Dans ses perspectives de marché, Granit Négoce table alors sur « un important surplus de production française exportable vers les pays tiers, par rapport à la campagne dernière : 441 000 t en OH et 398 000 ha en OP (contre respectivement 80 000 t et – 45 000 t lors de la récolte 2023), grâce à une hausse des surfaces et un meilleur taux de sélection. Pour les rendements, on a pris la moyenne olympique en orge d’hiver et 95 % de la moyenne en orge de printemps », précise Alexandre Jonet.

Après une baisse lors de la campagne 2023 (- 10 % VS récolte 2022) due en grande partie à l’inflation, « la demande en orge brassicole repart à la hausse en Europe ». Granit Négoce envisage, pour la récolte 2024, « une augmentation de 5 % sur un an et un retour à la normale d’ici le 1er semestre 2025 ».

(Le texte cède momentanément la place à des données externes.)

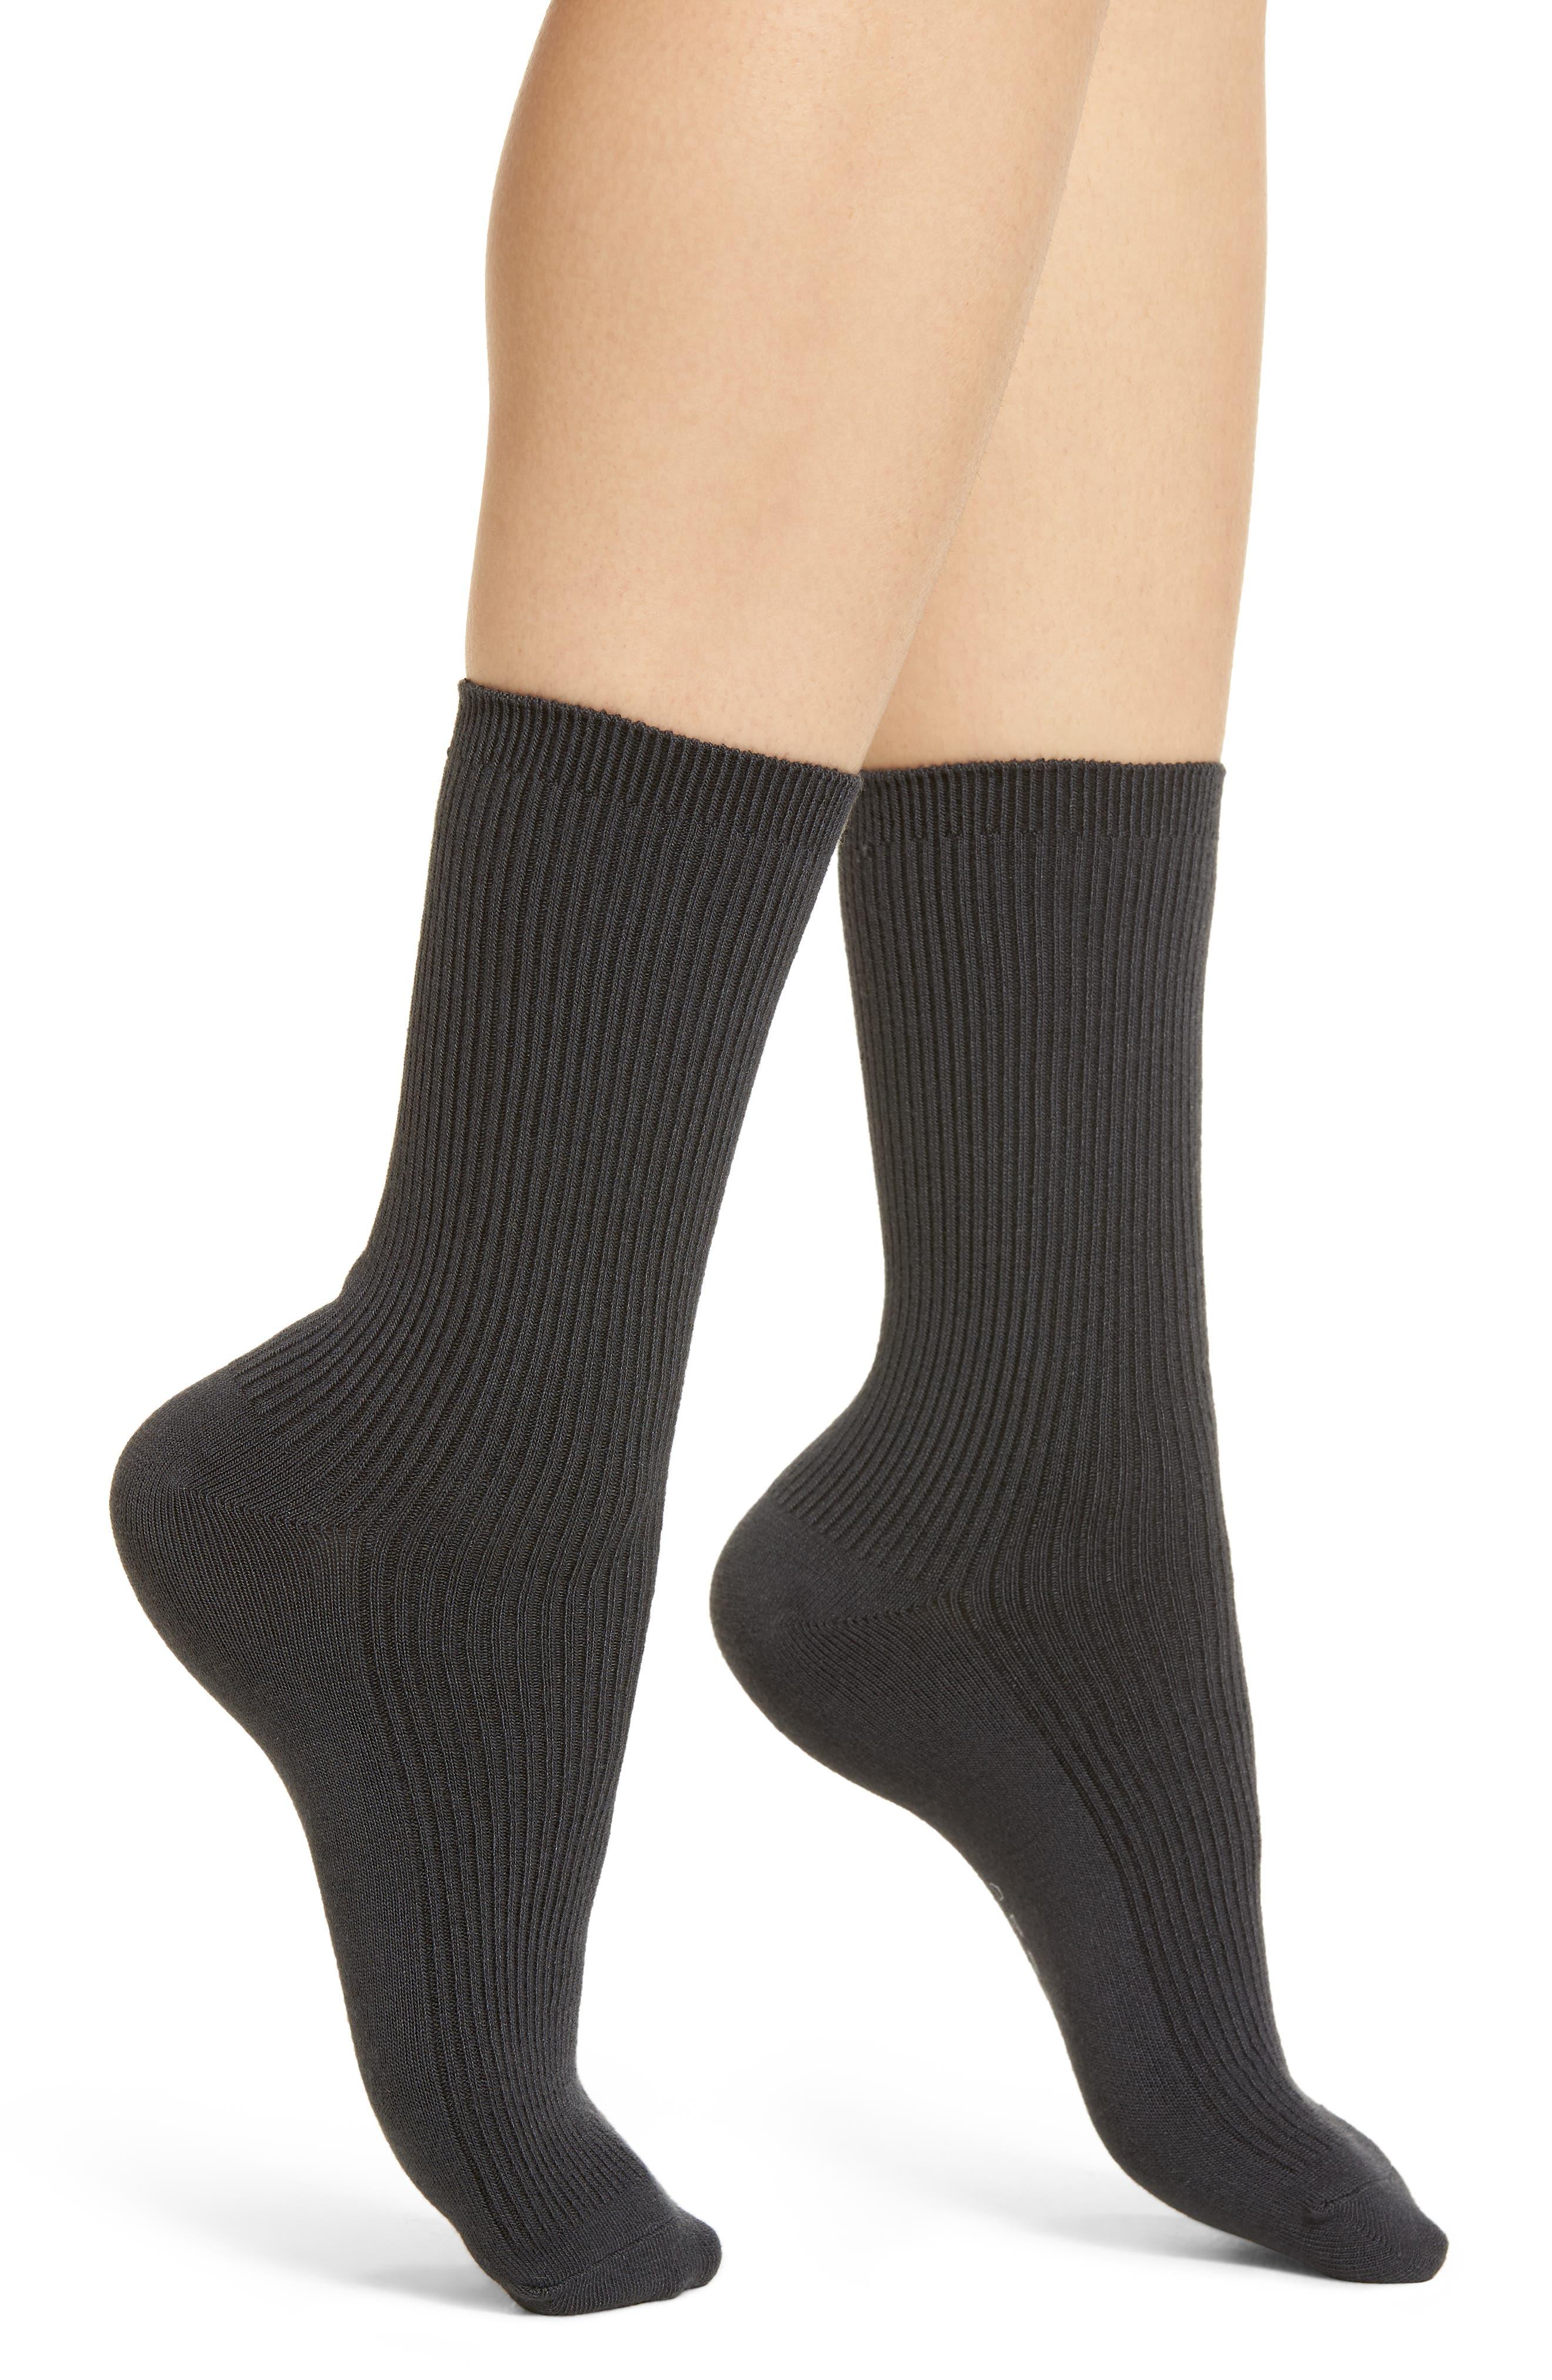 Nightingale Crew Socks,                         Main,                         color, 010

« Les orges de brasserie françaises doivent gagner en compétitivité afin d’approvisionner le marché mondial. La Chine, premier marché mondial en ventes de bière, représente notamment un important débouché pour l’Hexagone, mais on observe une très forte variabilité selon les années, avec d’autres acteurs qui commencent à prendre de la place. Suite à la suppression des surtaxes chinoises au 1er semestre 2023, l’Australie est également revenue dans la course », note Alexandre Jonet. « Les orges d’hiver brassicoles françaises sont exportées sur trois continents : l’Asie, l’Amérique Centrale et l’Afrique. Elles sont rentrées par le prix, on espère maintenant que ce flux peut devenir structurel, au Mexique notamment. »

Même si « tout reste encore à faire », Granit Négoce livre une analyse globalement confiante sur la filière orges brassicoles : « Les perspectives à moyen/long terme sont bonnes, avec notamment des primes brassicoles confortables pour les agriculteurs français et européens pour les récoltes 2022, 2023 et 2024 ».